Reflection on Hillary’s Deplorable Comment

Reflection on Hillary’s Deplorable Comment

I waited a week for things to die down.  I know, it’s always best to enter the fray while everyone is talking about it, but sometimes I’d rather sit and watch how things play out. These are some thoughts that came to me as I first heard, and then listened to the responses throughout the week.

First, I was shocked she chose 50%.   Anyone older than 40 knows that since at least the 80s, if not earlier, associating non-liberals with these things has been par for the course.  I was actually taken aback by the fact that people were taken aback.  That’s like being shocked a KKK rally said nasty things about African Americans.

Does that mean she is wrong?  No.   At least not in basic content.  I would dispute the mathematics, but I’ll concede there are some in that group of Trump supporters who fit the label.  That’s because I’m a firm believer that where two or more are gathered, there will be deplorables also.  That goes for conservatives, Republicans, Trump supporters, Hillary supporters, liberals, Democrats, religious, non-religious, gay, straight, Muslim, Christian, delivery truck drivers, you name it.  It’s part of the human condition.  And it’s not based on party.  After the great Sexist Smiles disaster, followed fast by the plague of racist frog supremacists, it might be worth remembering some cases of similar tactics used in the past.

Can we ever forget the wonderful words and phrases used against Sarah Palin during the 2008  campaign?  While I can’t speak to the trauma caused by asking women to smile, I’m convinced that calling a woman a slut, whore, milf and other words I won’t repeat, qualifies as sexist at best.

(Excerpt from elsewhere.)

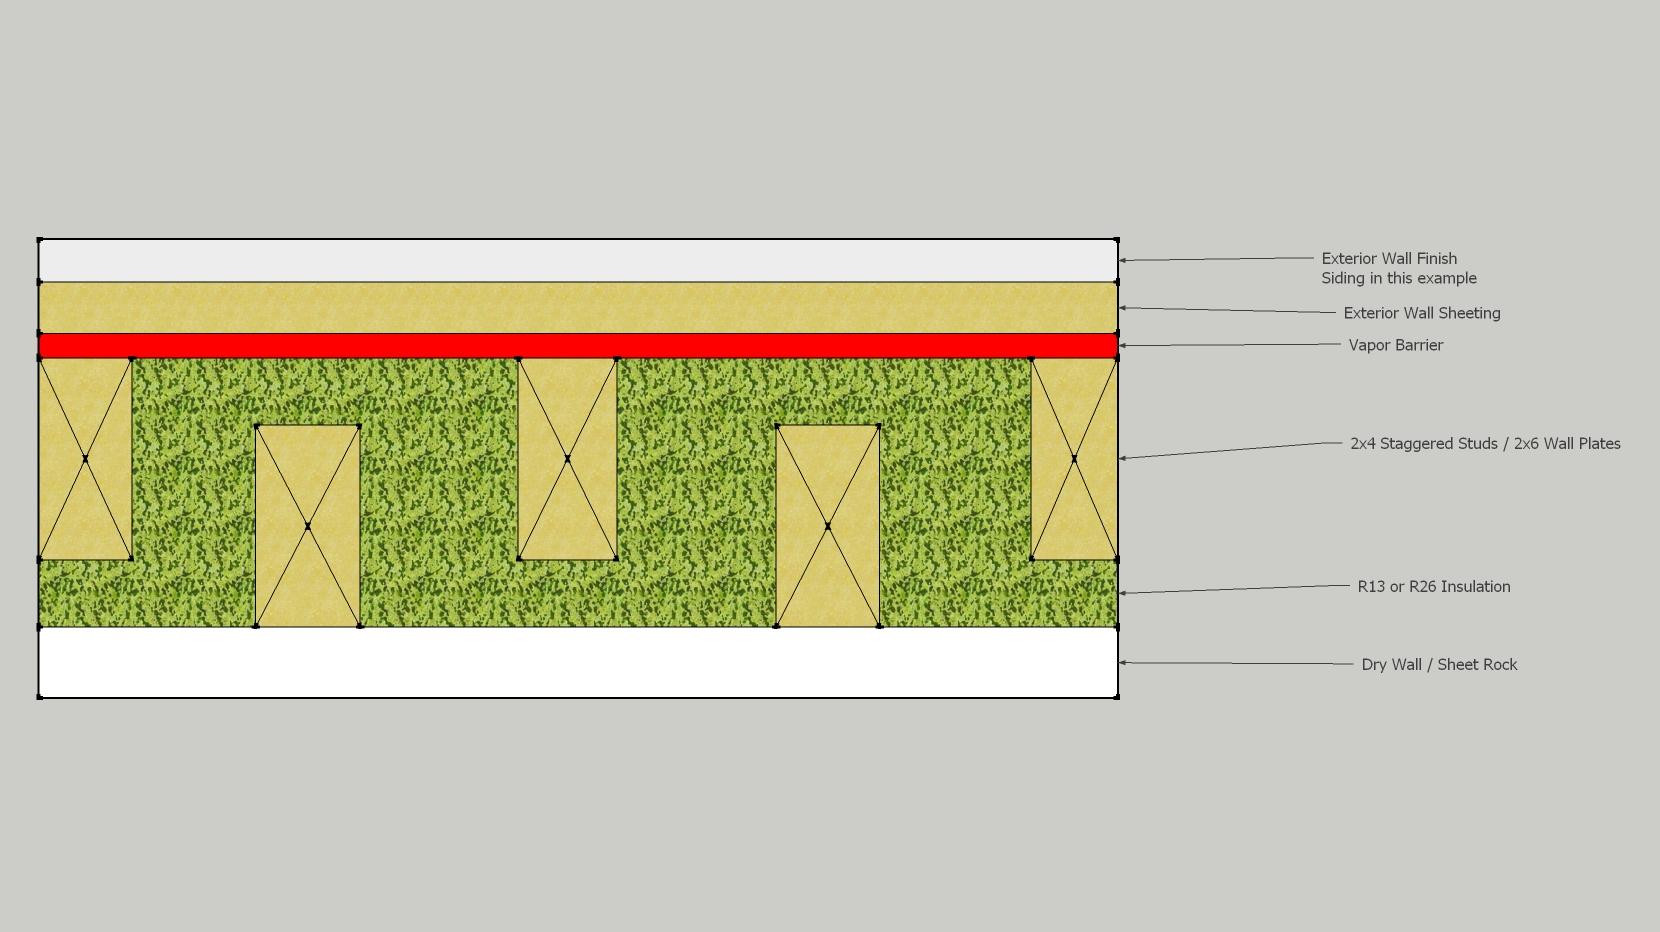 94 Toyota Corolla Wire Harness likewise 98 F150 Fog Light Switch Wiring Diagram likewise w3bz furthermore 2005 Dakota Wiring Diagram likewise Mitsubishi Eclipse 2000. on toyota celica gts radio wiring diagram

And that’s not including the rather robust, albeit respectful, conversation Palin kicked off whereby opponents suggested she belonged home with her kids instead of gallivanting around Washington trying to bolster her career.  Because we can all agree that one of the hallmarks of liberal feminism as embraced by the Democratic party has been that a woman should stay home and take care of her kids.   We’ll skip the things said about Palin’s kids.

Of course there are other cases.  Michelle Bachmann got a similar treatment in 2012, if not quite so intense.  I’m sure we remember that Condoleeza Rice, Herman Cain and Clarence Thomas brought out some racially charged digs, insults and accusations.  Can we ever forget the evening news in the early 90s contemplating the truth behind all of those porn stereotypes about black guys during the Thomas hearings?  Can we imagine FOX News pursuing a story like that?

In 2006, CNN lamented the antisemitic attacks from Left-wing sources being made against Joe Lieberman when he left the Democrats and became independent.  And it wasn’t just Joe.  As the media rallied around the Occupy Wall Street movement, which was the Left’s version of the Tea Party, it didn’t take right wing activists long to find a growing number of video clips of Occupiers blaming, among other things, those rascally Jews on Wall Street.  That was followed by Oliver Stone’s rather underplayed suggestion that Jewish influence in the media is the mischief.

This common sense idea that good and bad doesn’t follow party lines has been brought out, once again, thanks to Trump’s crazy-like-a-fox news conference in which he blamed Hillary for the Birther movement.  She didn’t start it, as the press has been quick to demonstrate.  The press has, however, been forced to rehash the racially tinged comments by Bill Clinton and some of Hillary’s staff in 2008.  Moreover, journalists also have had to admit that there were Hillary supporters – not her campaign, or her, but her supporters – who engaged in this disgusting, racist conspiracy theory.  In other words, Hillary supporters who deserve to be, by Hillary’s own standards, in that basket of deplorables.  Since Hillary’s point was to make the worst of Trump’s supporters a campaign issue, and to draw a line between a vote for Hillary and a vote for Trump, I would say Trump has effectively neutralized that tactic for anyone but the partisan, and all thanks to the media.

In the end, we shouldn’t need to continue.  The fact remains that some of Trump’s supporters no doubt deserve to be in the deplorable basket.  Right along with some of Hillary’s supporters.  Bernie supporters.  Johnson supporters.  Rubio supporters.  And on and on.   It’s politics that attempts to make it about my brave, righteous party versus their bad, evil party.  As believers, we need to remember that little point in our tradition that reminds us all have sinned and fall short of the glory of God.  That’s all have sinned.  Not some.  Not them.  But all.  Some might sin with more gusto, but seldom along party lines.   If you heard Hillary’s statement and immediately joined in, trying to draw that same partisan line around who happens to be a deplorable, it might be time to take a deep breath and step back.